• Work instructions: From the line with "VOLVO AUTO%2BPILOT%2BINTELLISAFE 5" to the end of the data below, restate each line word for word, both ends included, without the pictures.

• Provided data:

╔══

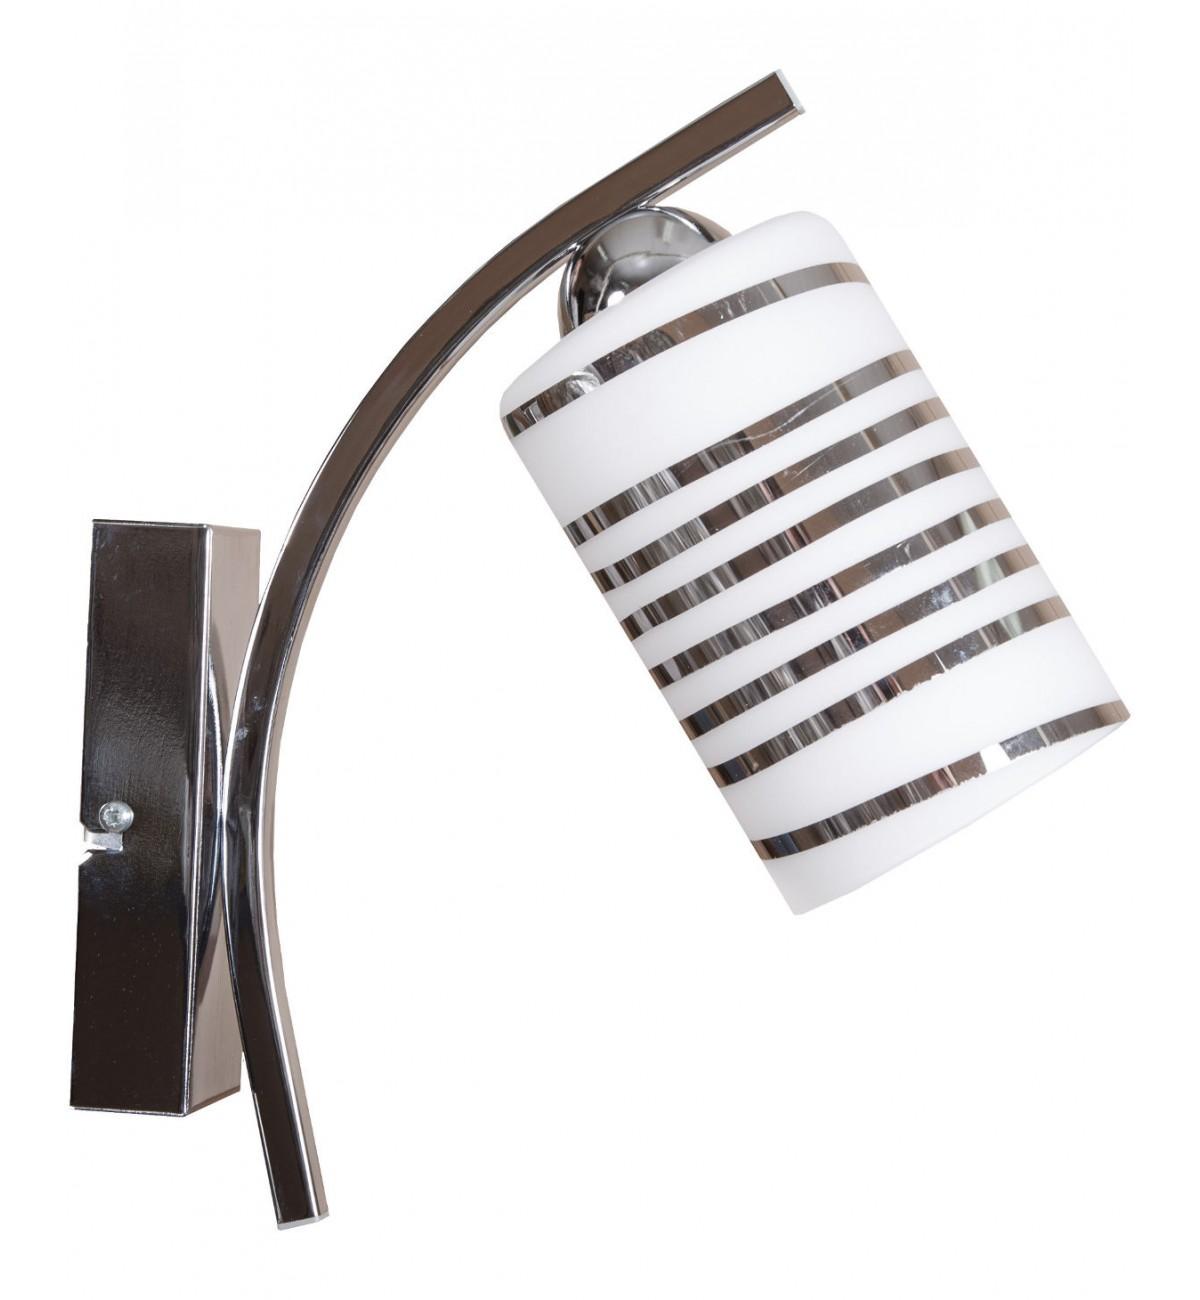 kinkiet z serii 05 chrom 1 plomienna elegancka stylowa Kinkiet Chrom ze Szklanym Kloszem
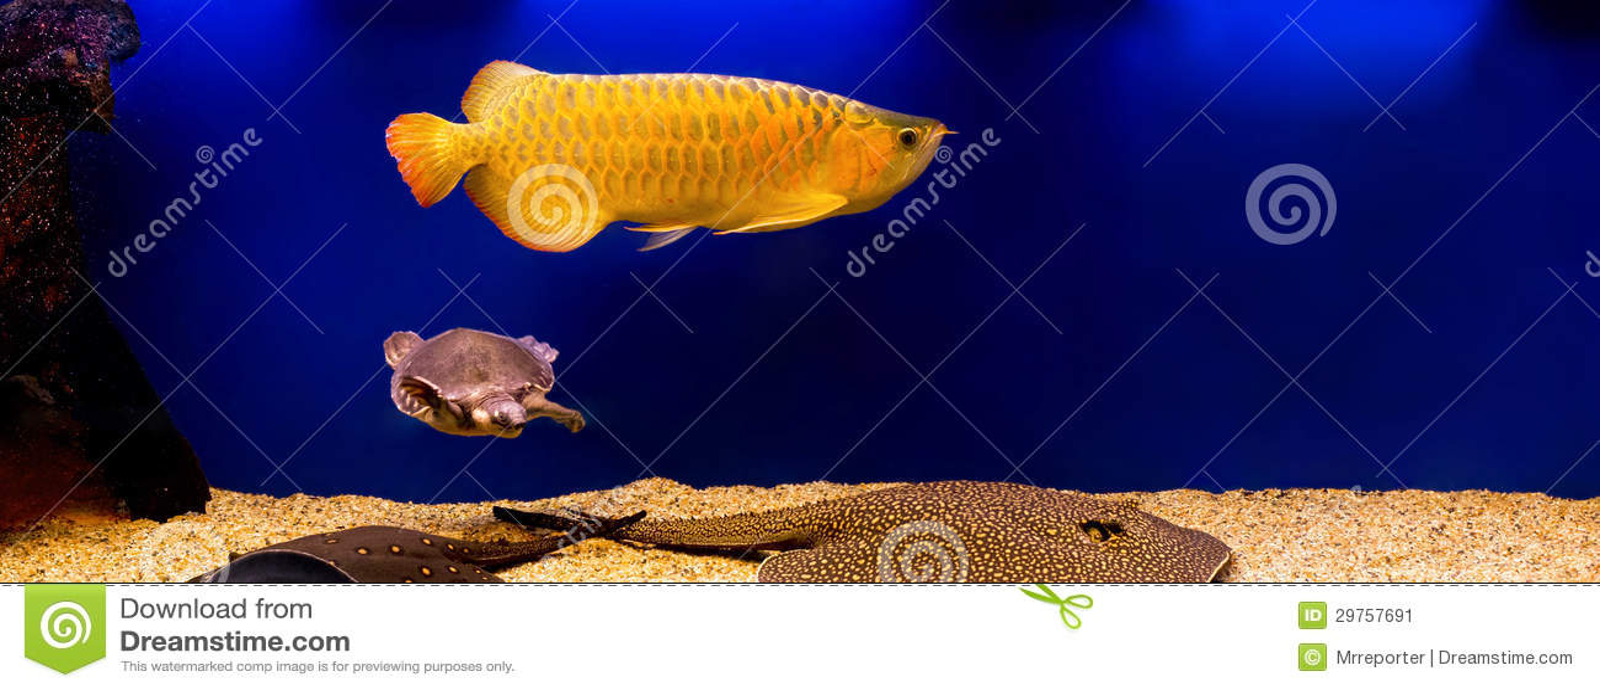 het aquarium van de luxe stock afbeelding afbeelding bestaande uit decor 29757691. Black Bedroom Furniture Sets. Home Design Ideas
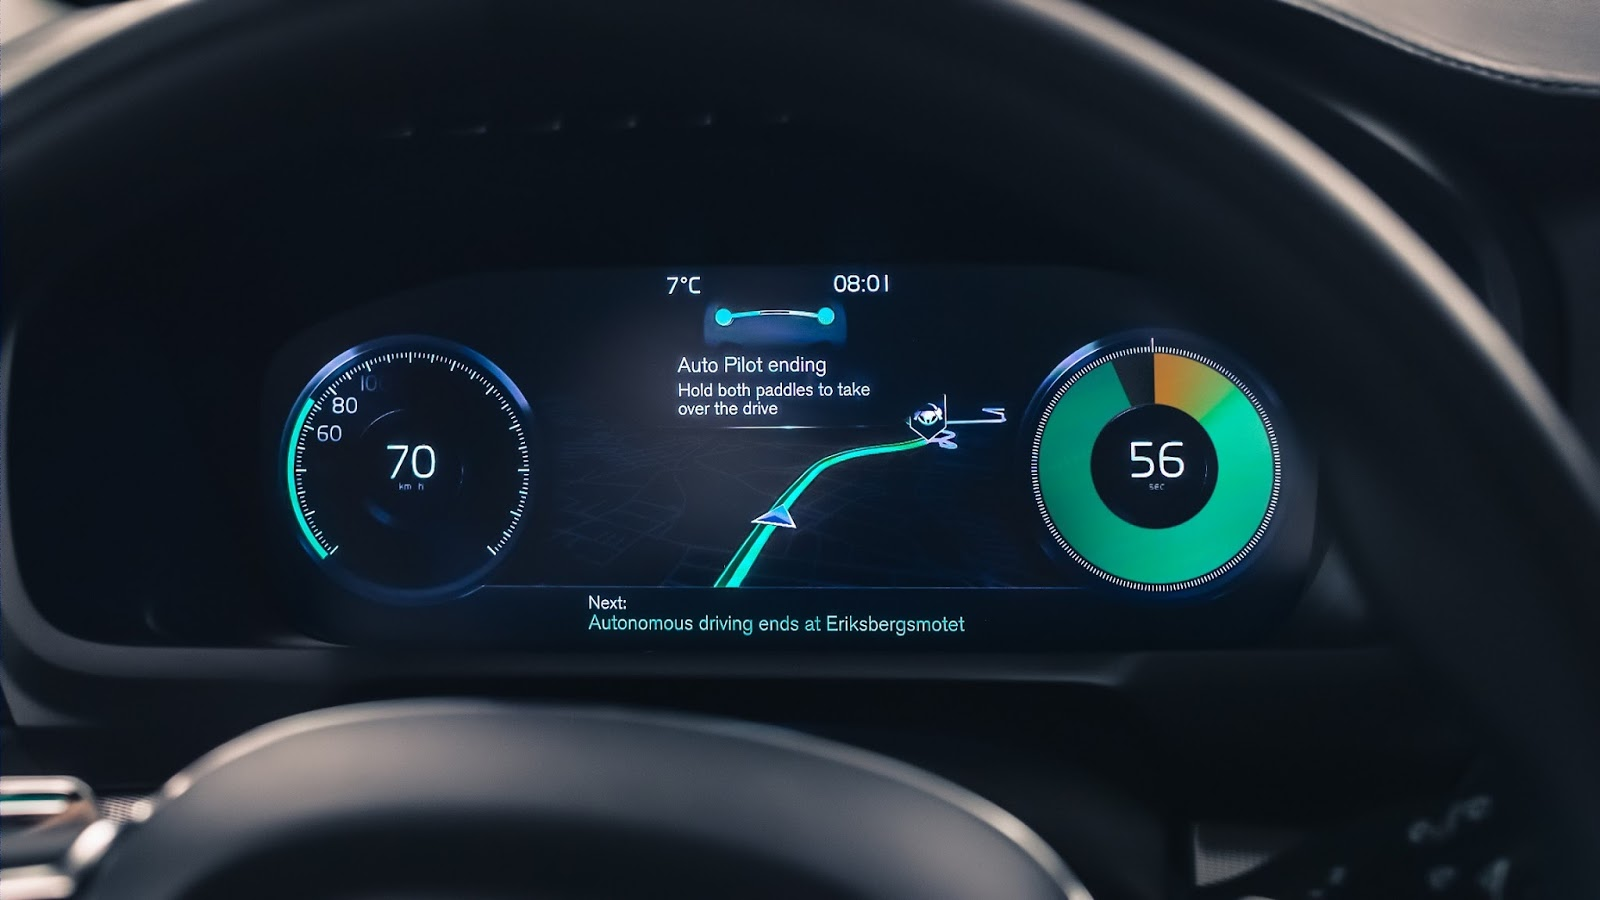 VOLVO AUTO%2BPILOT%2BINTELLISAFE 5 Το 2017 η Volvo θα βγάλει στο δρόμο 100 αυτόνομα αυτοκίνητα
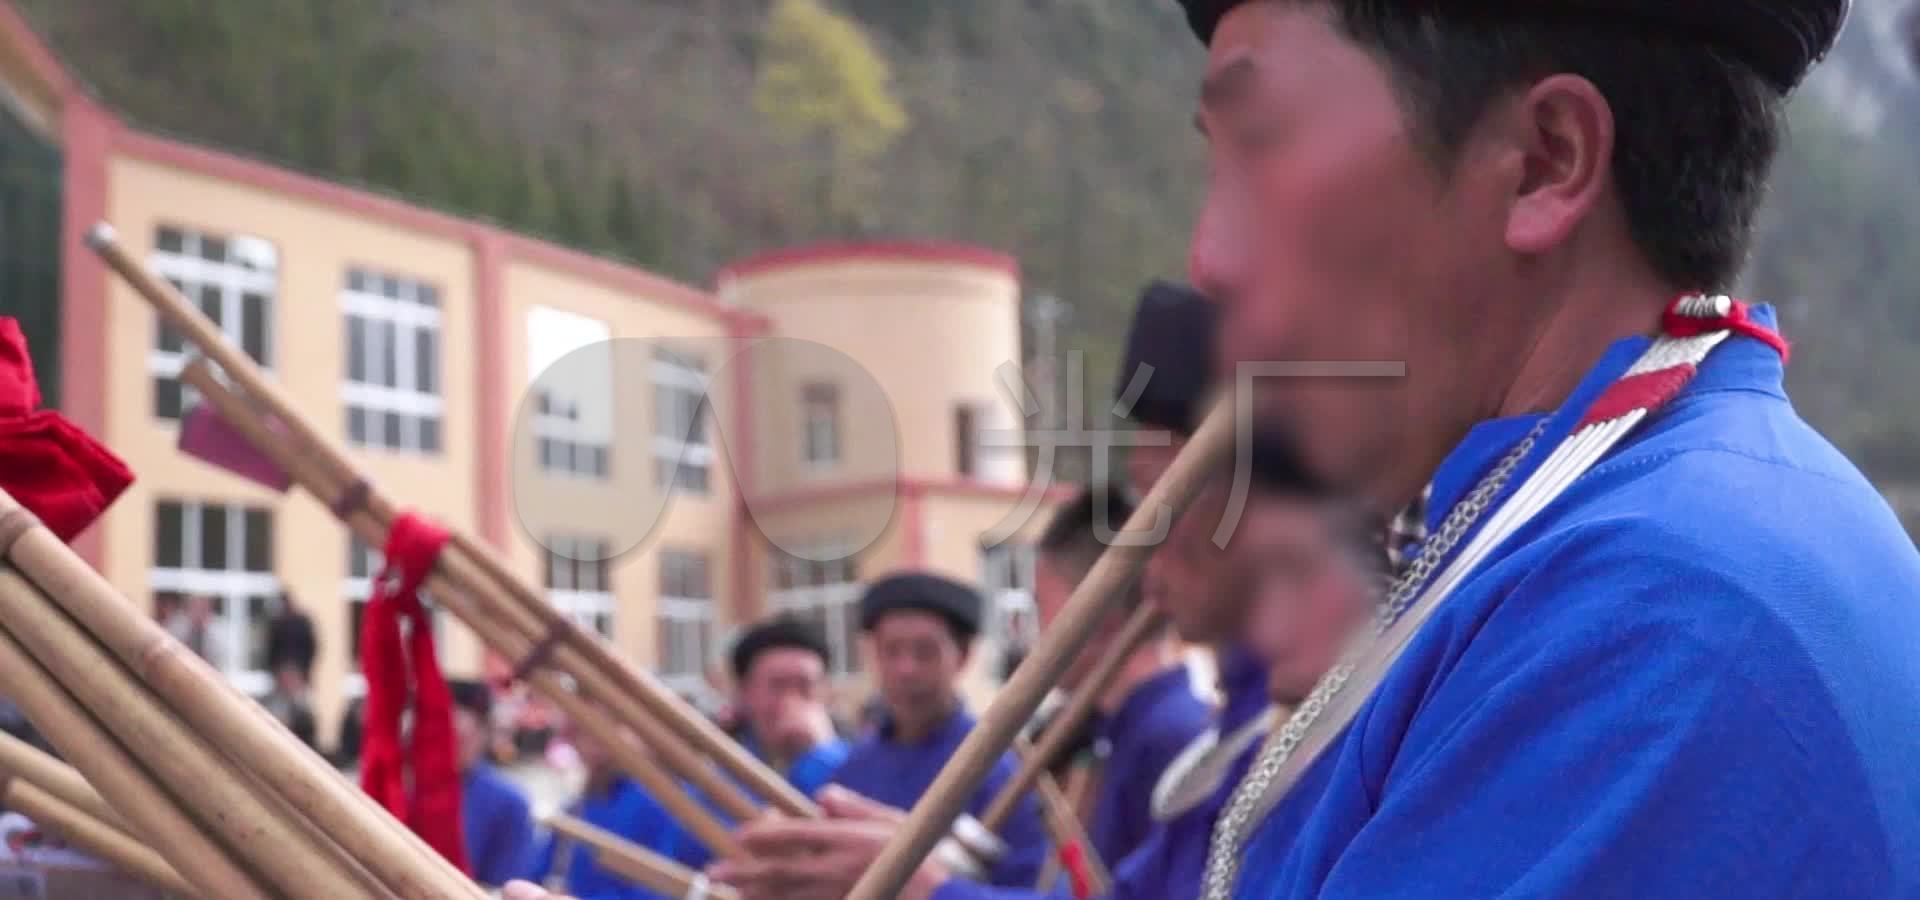 贵州笛子晚编号吹篝火少数民族_6下载(跳舞群信视频搞笑微图片
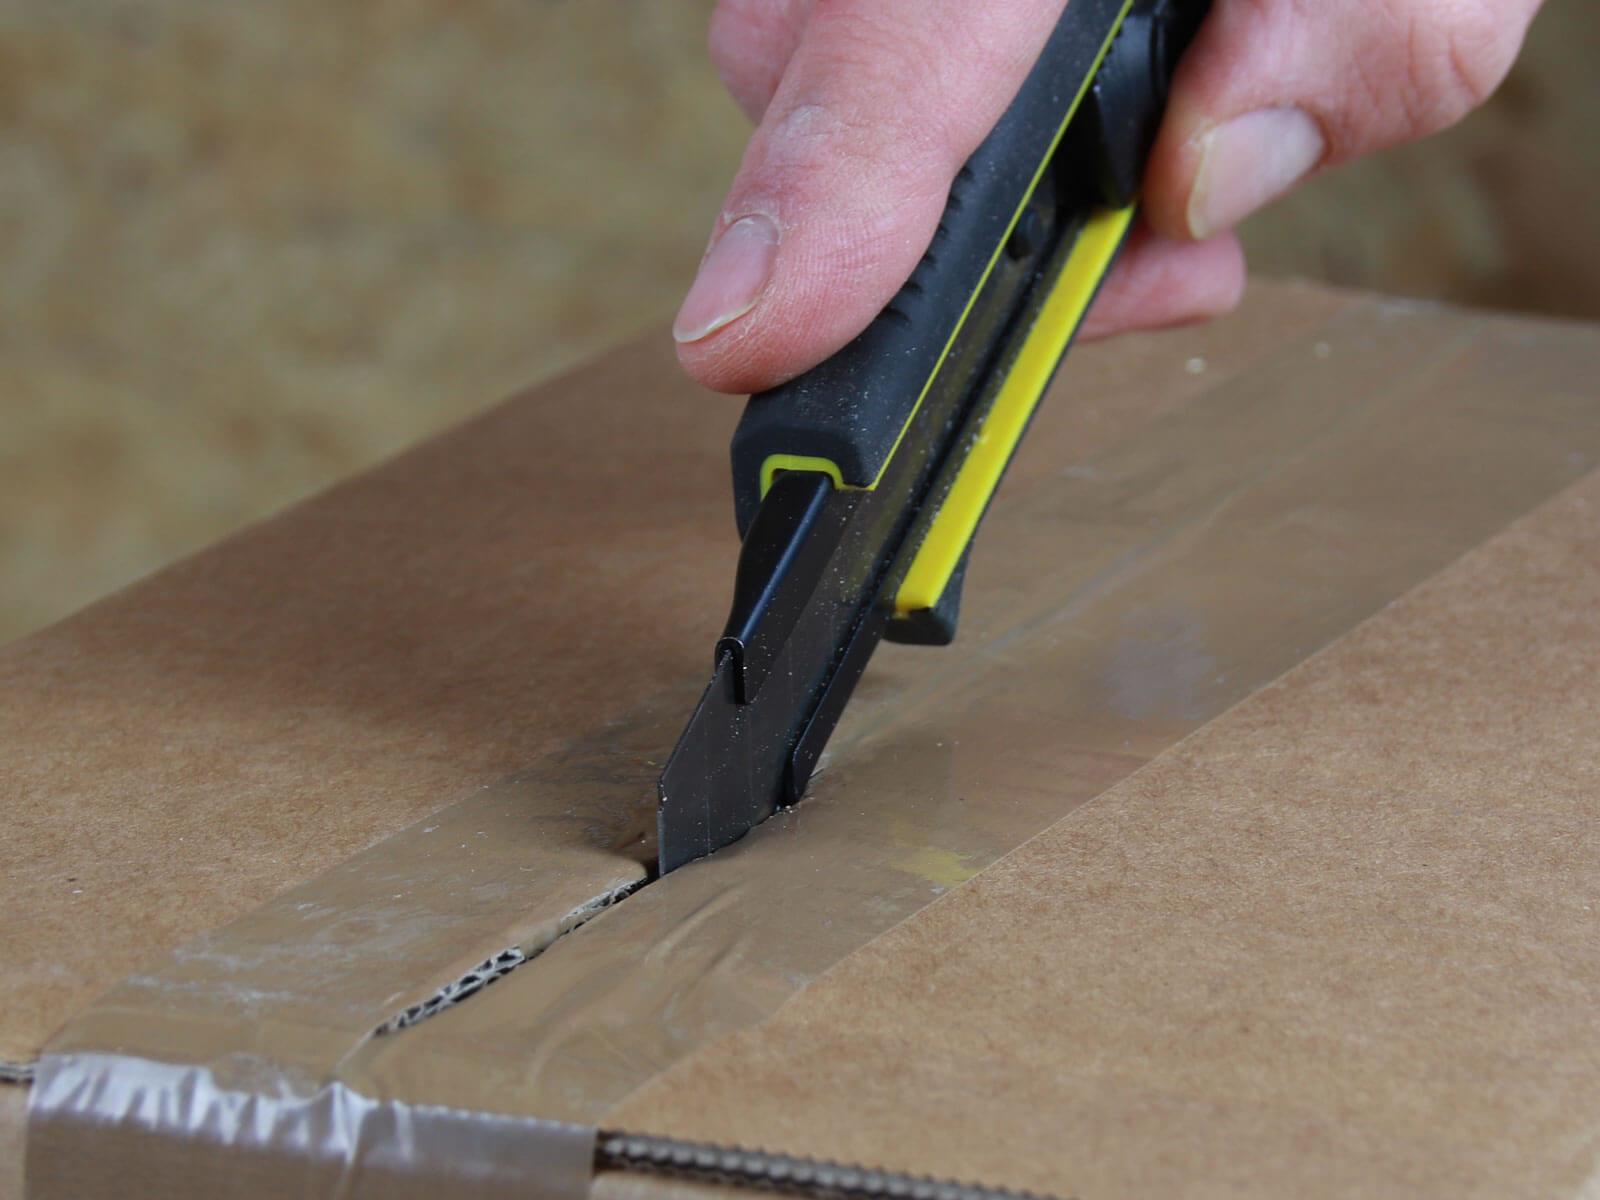 C061 Cuttermesser Klebeband schneiden CURT-tools

╚══

• Exercise output:
 VOLVO AUTO%2BPILOT%2BINTELLISAFE 5 Το 2017 η Volvo θα βγάλει στο δρόμο 100 αυτόνομα αυτοκίνητα
 贵州笛子晚编号吹篝火少数民族_6下载(跳舞群信视频搞笑微图片
 C061 Cuttermesser Klebeband schneiden CURT-tools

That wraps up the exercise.